Похоронив ее, отец думал сразу же из Зарайска уехать, но не получилось. Он прожил там еще два с половиной года. Отец еще и при жизни матери говорил, что хочет уйти в скит, жить один в лесу, часто об этом думает, а тут одна из его прихожанок сказала, что знает про теплый, сухой блиндаж, в котором когда-то помещался штаб Третьей армии Волховского фронта.

Кругом, куда ни глянь, болота, а здесь высокий холм, к которому краем притулилось озеро. Добраться туда трудно, тропа узкая и петляет, но напрямик не дойдешь, везде топи. Ее зять собирал морошку и набрел на блиндаж случайно. Если старец позволит, она его туда проводит.
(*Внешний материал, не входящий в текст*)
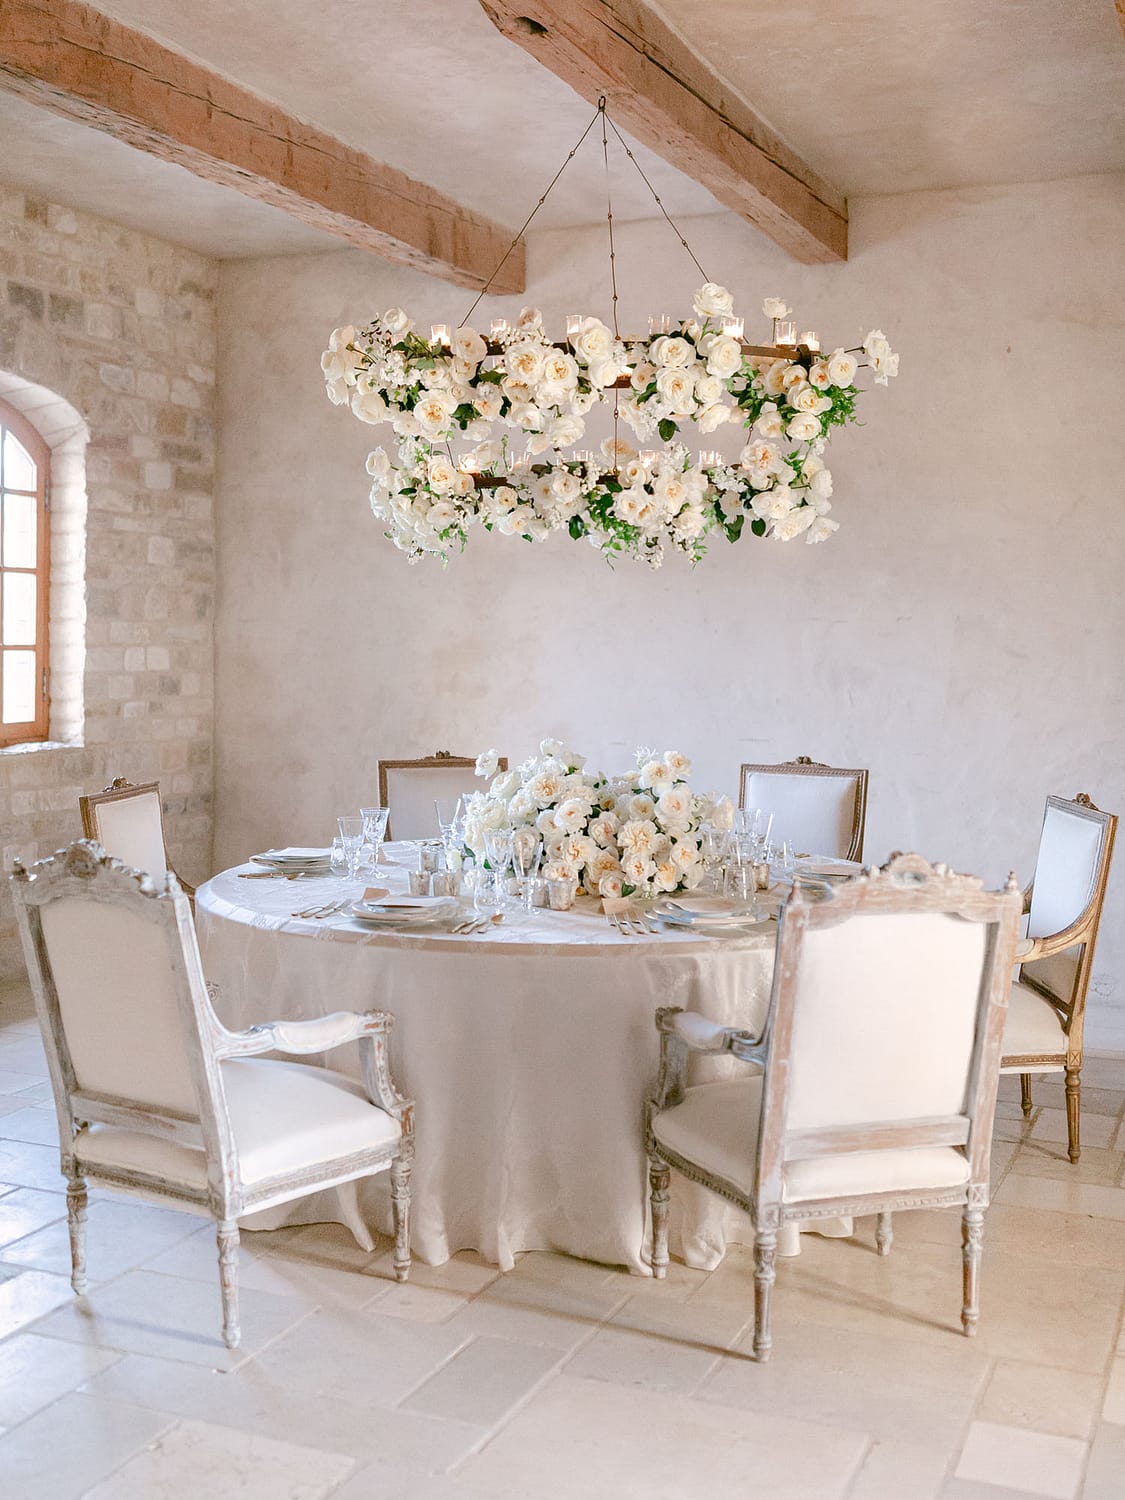 Arrangement de table complet de roses de mariage David Austin

Отец, – говорила Электра, – поехал, это и в самом деле оказался хороший, в два наката, блиндаж, вдобавок довольно сухой.

Отец тогда согласился взять у меня деньги, – говорила Электра, – и ему тут же, на другой стороне холма, местные работяги поставили теплый сруб с печкой, а блиндаж пошел на кабинет и для хозяйственных нужд. Телегина, как я говорила, уже не было на свете – он умер вскоре после моей матери. Отец остался единственным родным мне человеком – про сына я к тому времени пять лет ничего не слышала. Так что я стала ездить на болото.

Летом чаще, зимой туда добираться было уж очень холодно. Холодно и страшно – пару раз меня даже преследовали волки. Я приезжала, приводила дом в порядок, обстирывала отца и откармливала; с работой, как в Ухте: что-то прямо там делала, а что-то брала с собой в Москву. Проживу несколько дней, но как увижу, что он начинает тяготиться, – уезжаю. Так тянулось год за годом. Кроме этих поездок – приход – вот и вся моя жизнь почти пятнадцать лет.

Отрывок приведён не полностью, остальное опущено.